Depending on what type of diaper you decided to go with, you’re looking at spending between $100-$200 dollars. I just didn’t have enough money to buy a stash of diapers, a diaper sprayer, wet bag, and other accessories that go with cloth diapers.
If you do have the money to start out, it’s not a bad investment because when washed properly and taken care of the diapers can last for years.
Doing Laundry Every Other Day
It wasn’t long before I was in my own apartment, but I had to do laundry at the laundromat. Can you imagine toting a bag full of soiled diapers to the laundromat every other day? No thank you! I would have quickly become their least favorite customer.
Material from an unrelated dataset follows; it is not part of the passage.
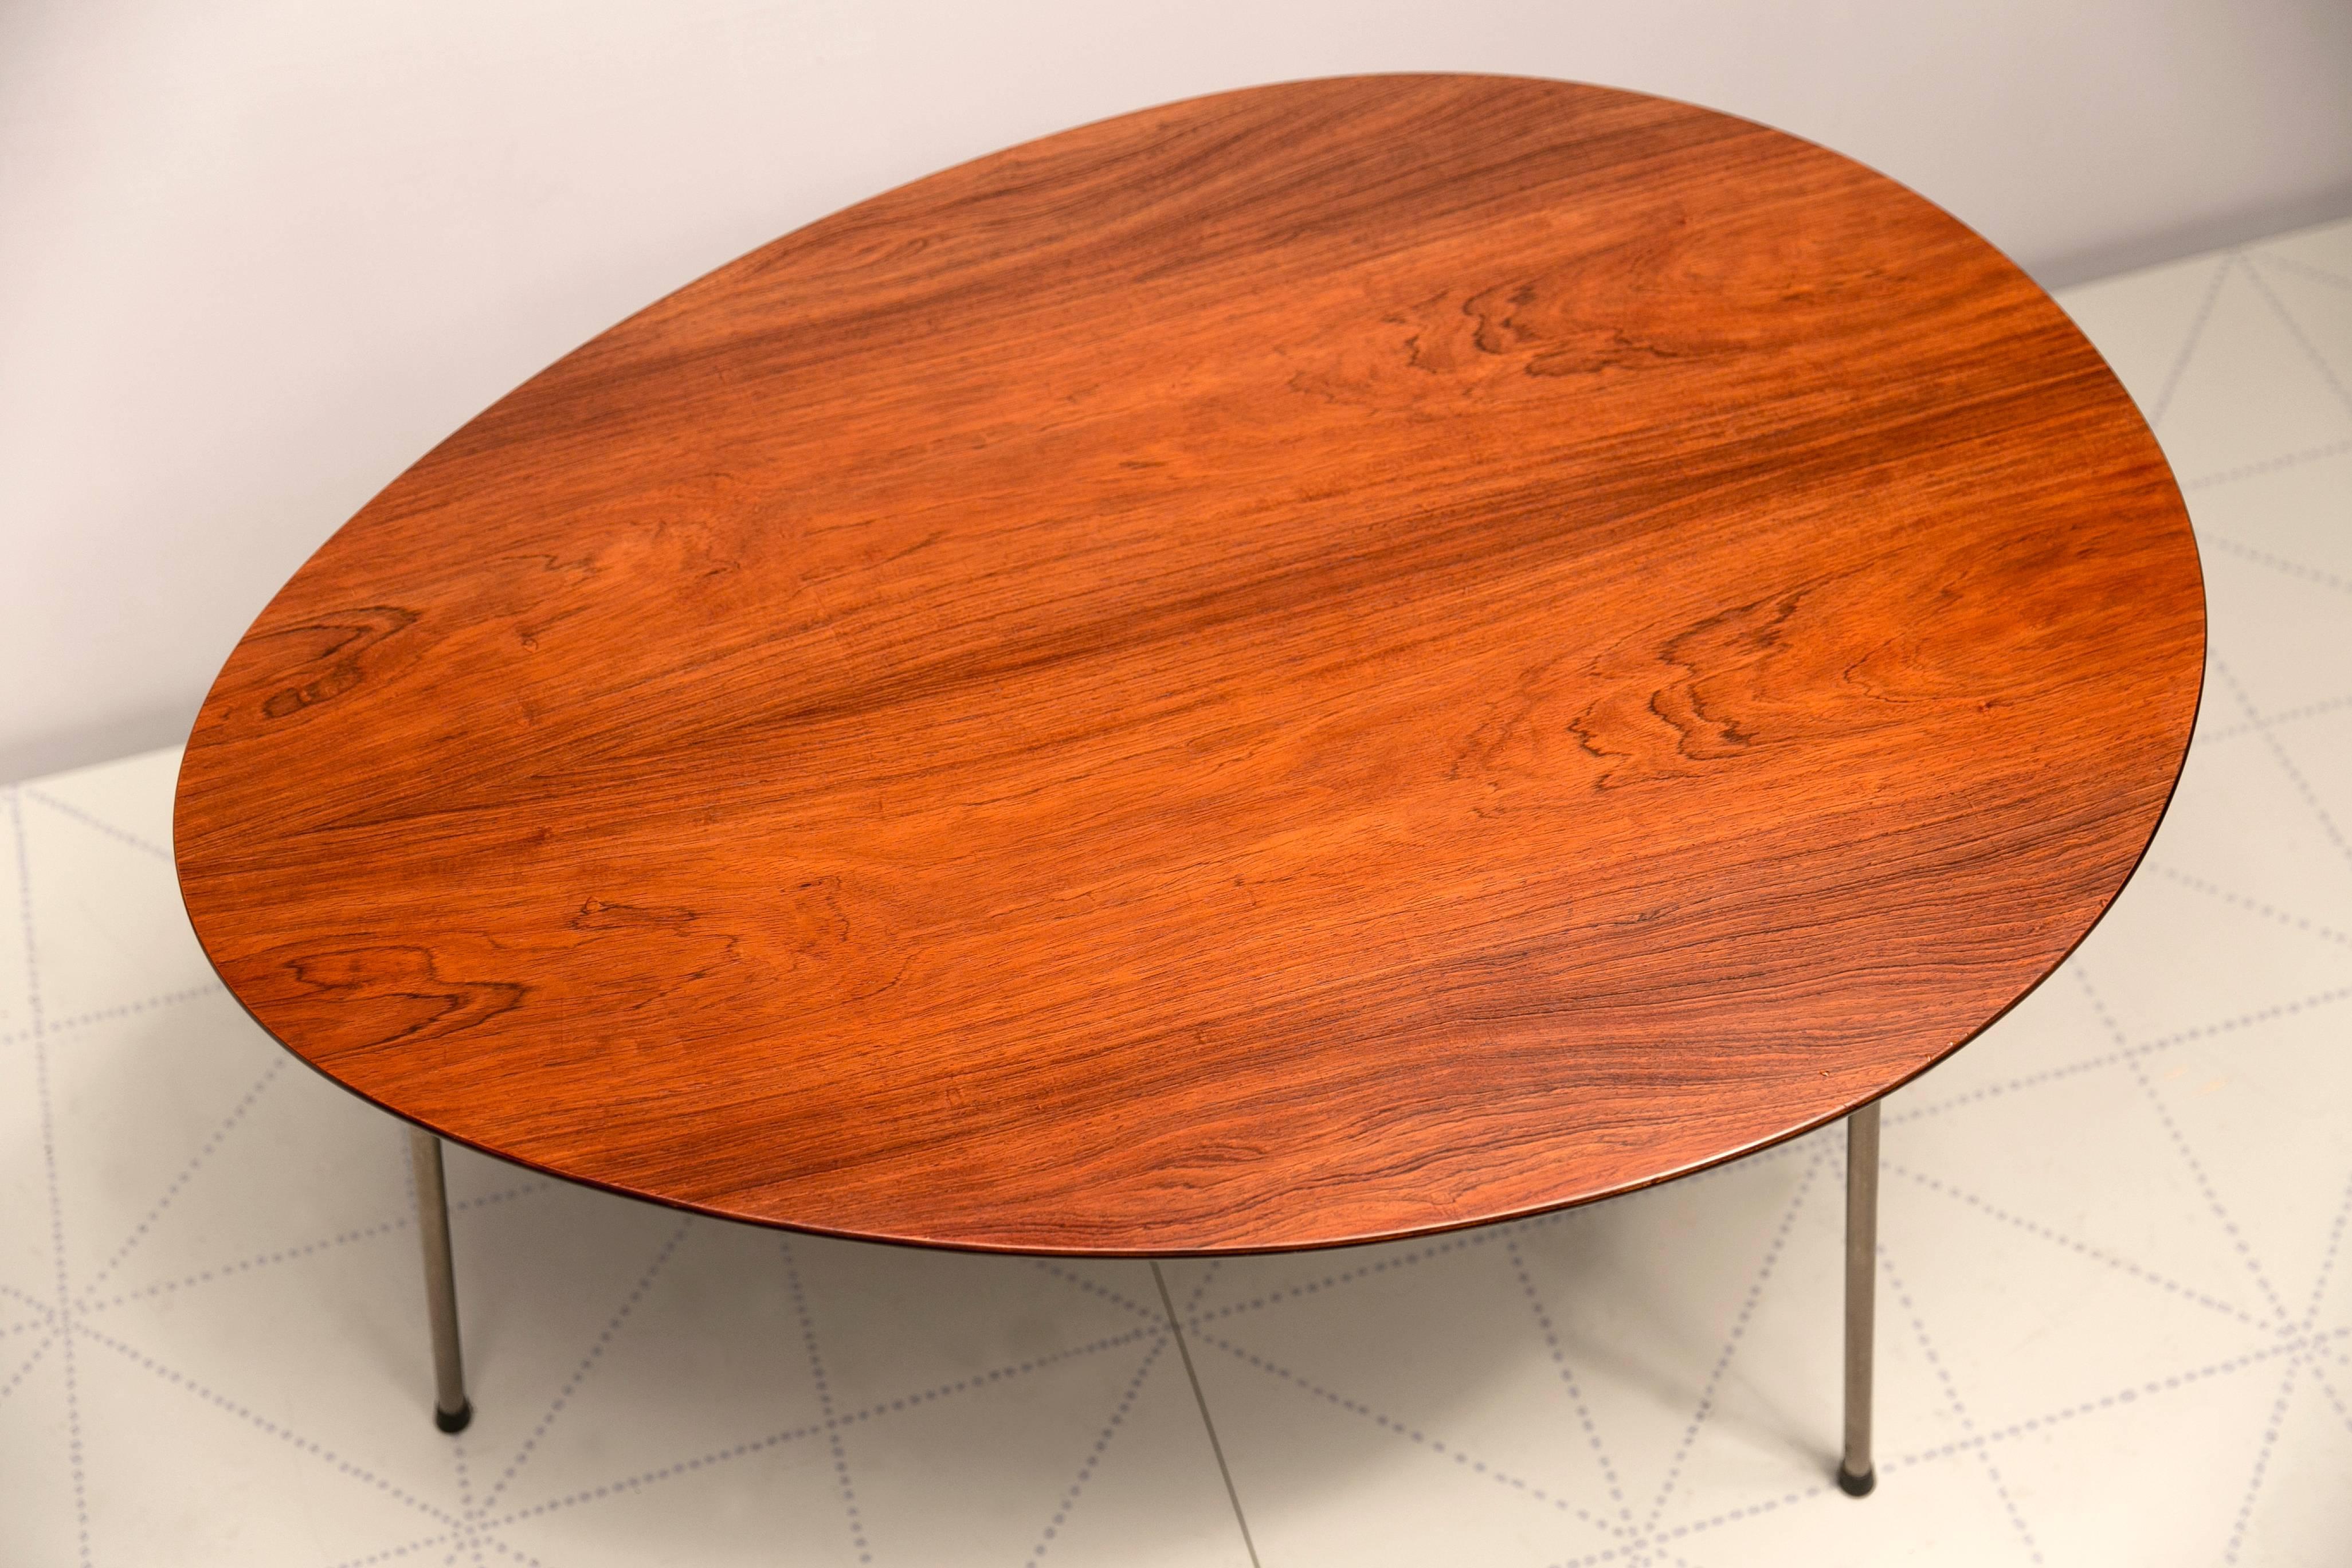 Exceptional Early Brazilian Rosewood Egg Table and Ant Chairs by Arne Jacobsen  (Skandinavische Moderne) im Angebot

I could have signed up for a diaper service. They pick up your soiled diapers, wash them, and return them to you. When I realized how much that cost each month, that idea went goodbye really quickly. However, now I might have thought about it a little more
Having To Rinse Out Cloth Diapers
Let’s be honest with ourselves here; how much money would it really take before I rinsed poop of a cloth diaper up to eight times a day? Once I calculated how much it would take to start the adventure, how much I would end up spending on cheap disposable diapers, and how much I would save in the long run, I just didn’t feel like it was worth the hassle.
Every time your baby poops you have to rinse that poop off the cloth diaper. They have diaper sprayers available that attach to your toilet, and they do help, but that’s still a lot of work. I was all alone for the first year and to add that job to the list of other things I already had to do each day, it just was not worth it to me.
Bucket Of Stinky Cloth Diapers
Once the diaper is rinsed it goes into a bucket full of other soiled, wet diapers. Holy stink! There are things called wet-bags that are specifically designed for those wet diapers, or you can use a diaper pail, but still, the thought of multiple poop soaked clothes sitting in a bag in my closet kind of grossed me out.
The Hassle of Changing Cloth Diapers
I became a diaper changing GODDESS! Seriously, I could lay my baby down and with a few cartoon swishes she was dry, powdered, and on her way. Cloth diapers sounded like so much work.
I have to admit something though, I have never actually changed a cloth diaper, so I could be totally wrong. However, by the looks of things, there’s a lot to it, and I was a little intimidated.
All Things Considered
The choice to go cloth is a personal decision that each couple/parent must make themselves. I opted against it, but I admire people who do decide to use cloth diapers. Really, the reasoning behind it is noble, and made with the best of intentions. It DOES help the environment, and I’m not to proud to admit that I single-handedly contributed thousands of diapers to the worlds landfills, but the thought of fighting with a poopy cloth diaper at three in the morning just erased that thought from my mind.
Thank you parents who take the time to do the responsible thing for our environment, I’m sorry I was not strong enough to do the same!